▸ **Activity**: Copy the listing below exactly, but skip the pictures.

▸ **Given data**:

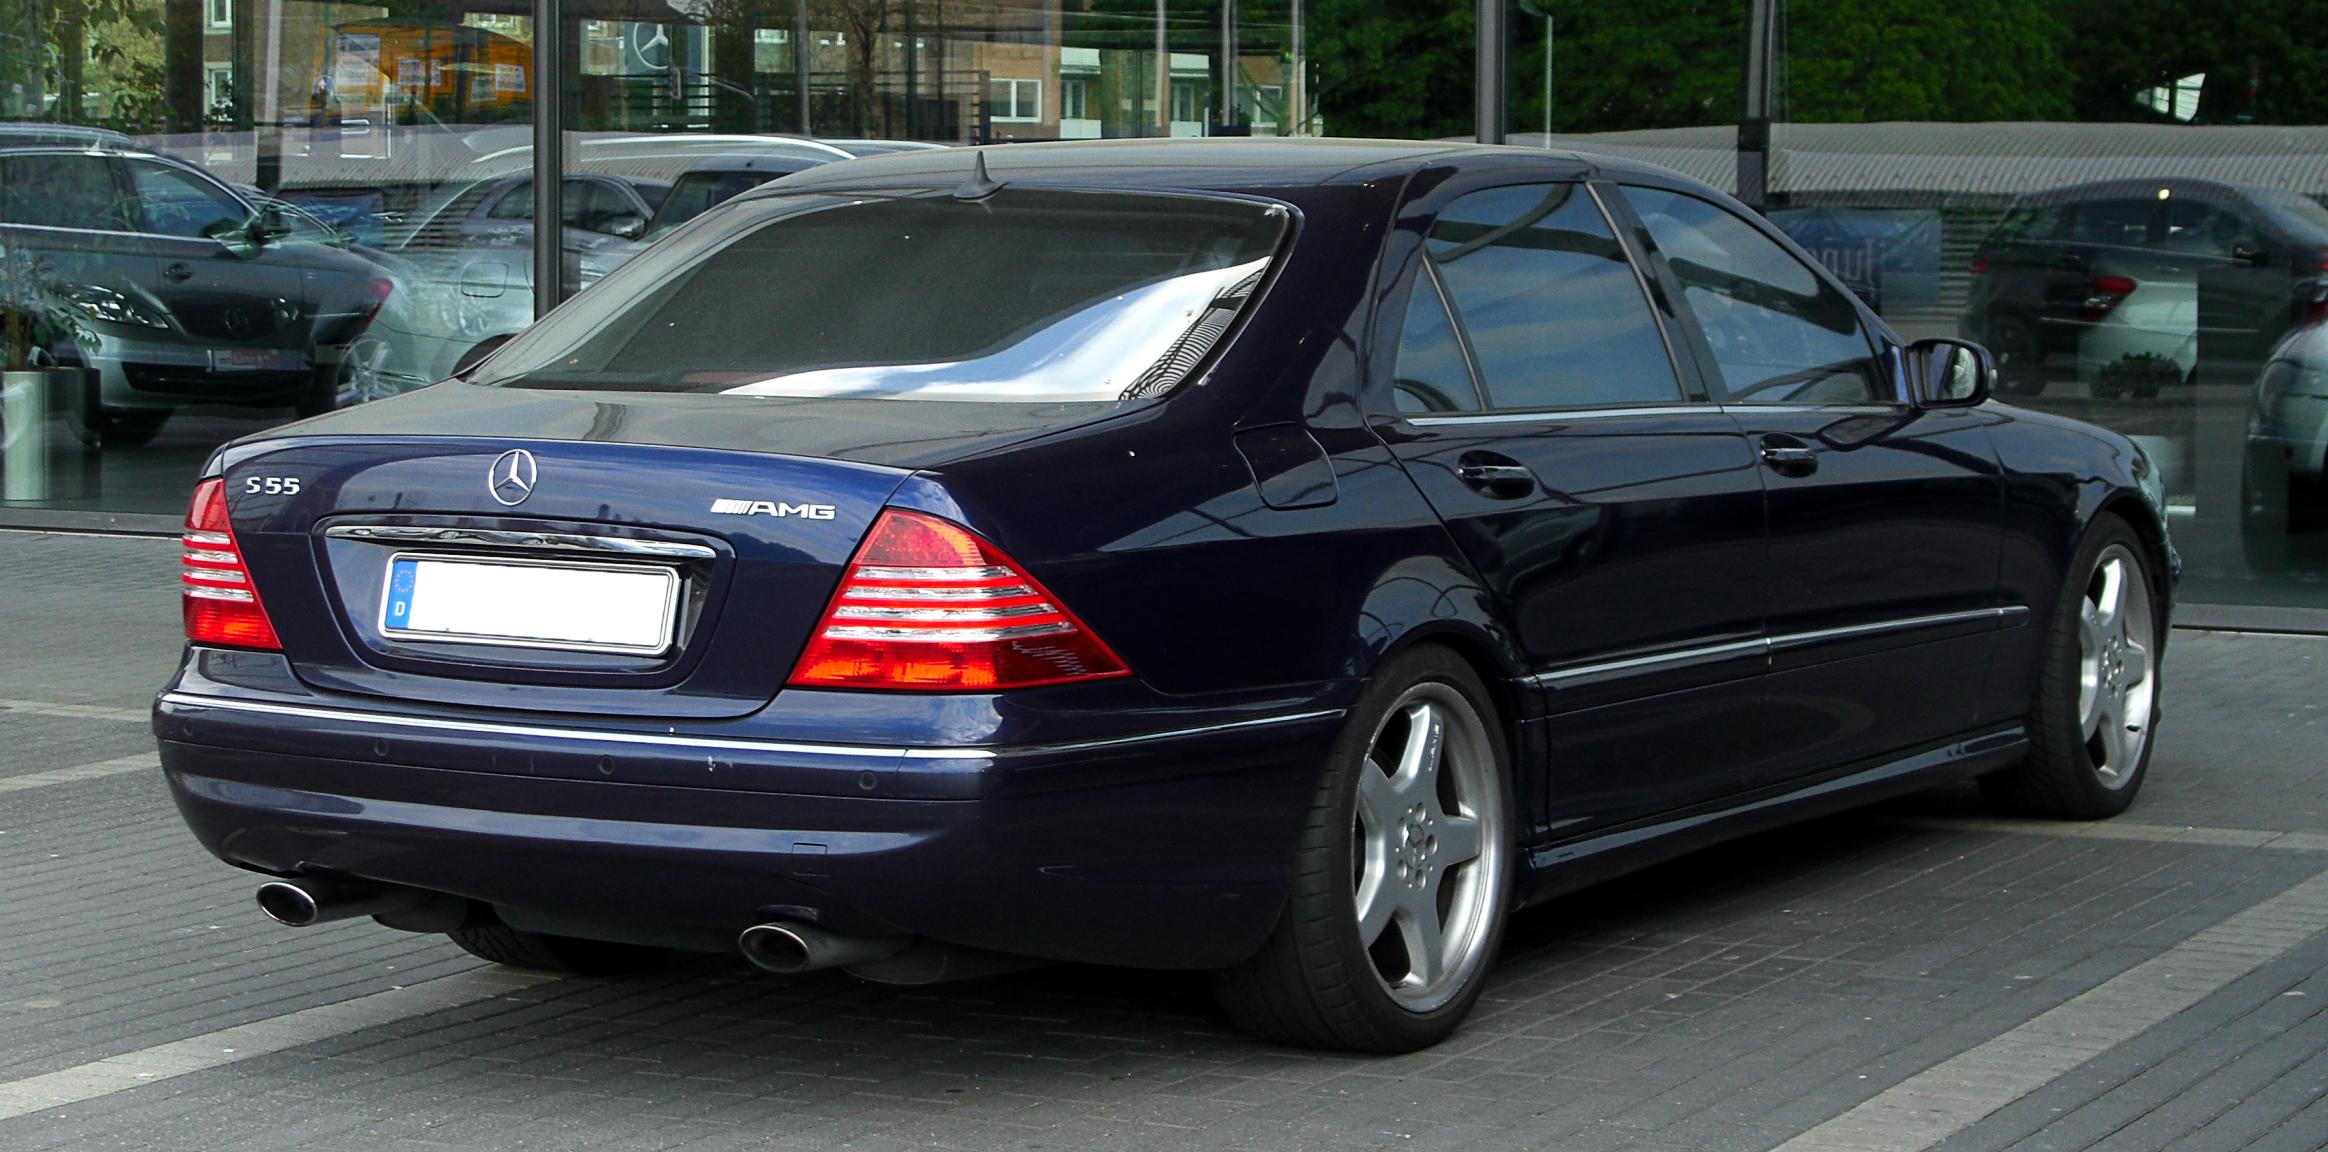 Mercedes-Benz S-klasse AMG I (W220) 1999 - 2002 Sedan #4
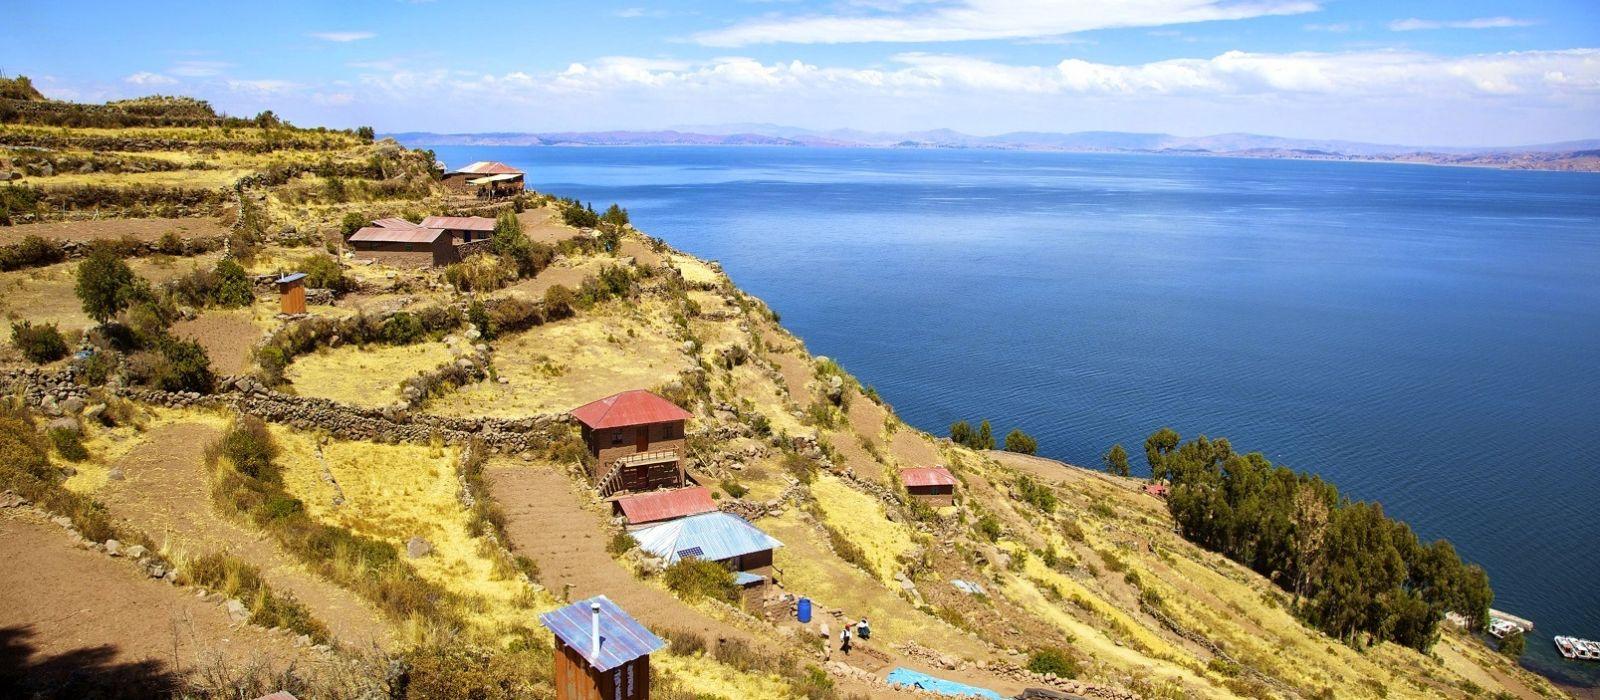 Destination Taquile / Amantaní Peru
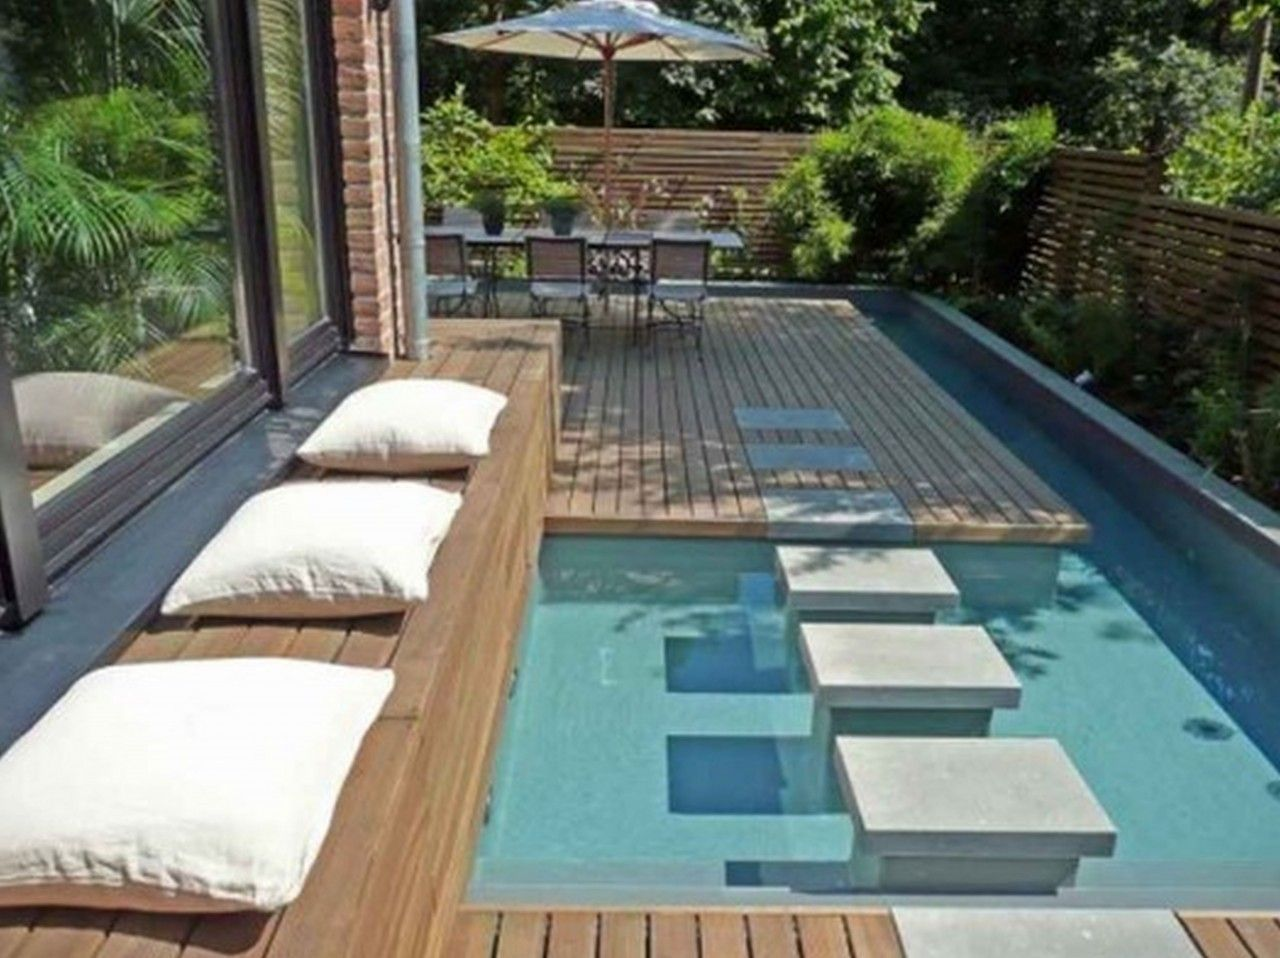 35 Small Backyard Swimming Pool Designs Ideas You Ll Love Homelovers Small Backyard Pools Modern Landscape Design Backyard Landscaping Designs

▸ **The answer**:
 Mercedes-Benz S-klasse AMG I (W220) 1999 - 2002 Sedan #4
 Destination Taquile / Amantaní Peru
 35 Small Backyard Swimming Pool Designs Ideas You Ll Love Homelovers Small Backyard Pools Modern Landscape Design Backyard Landscaping Designs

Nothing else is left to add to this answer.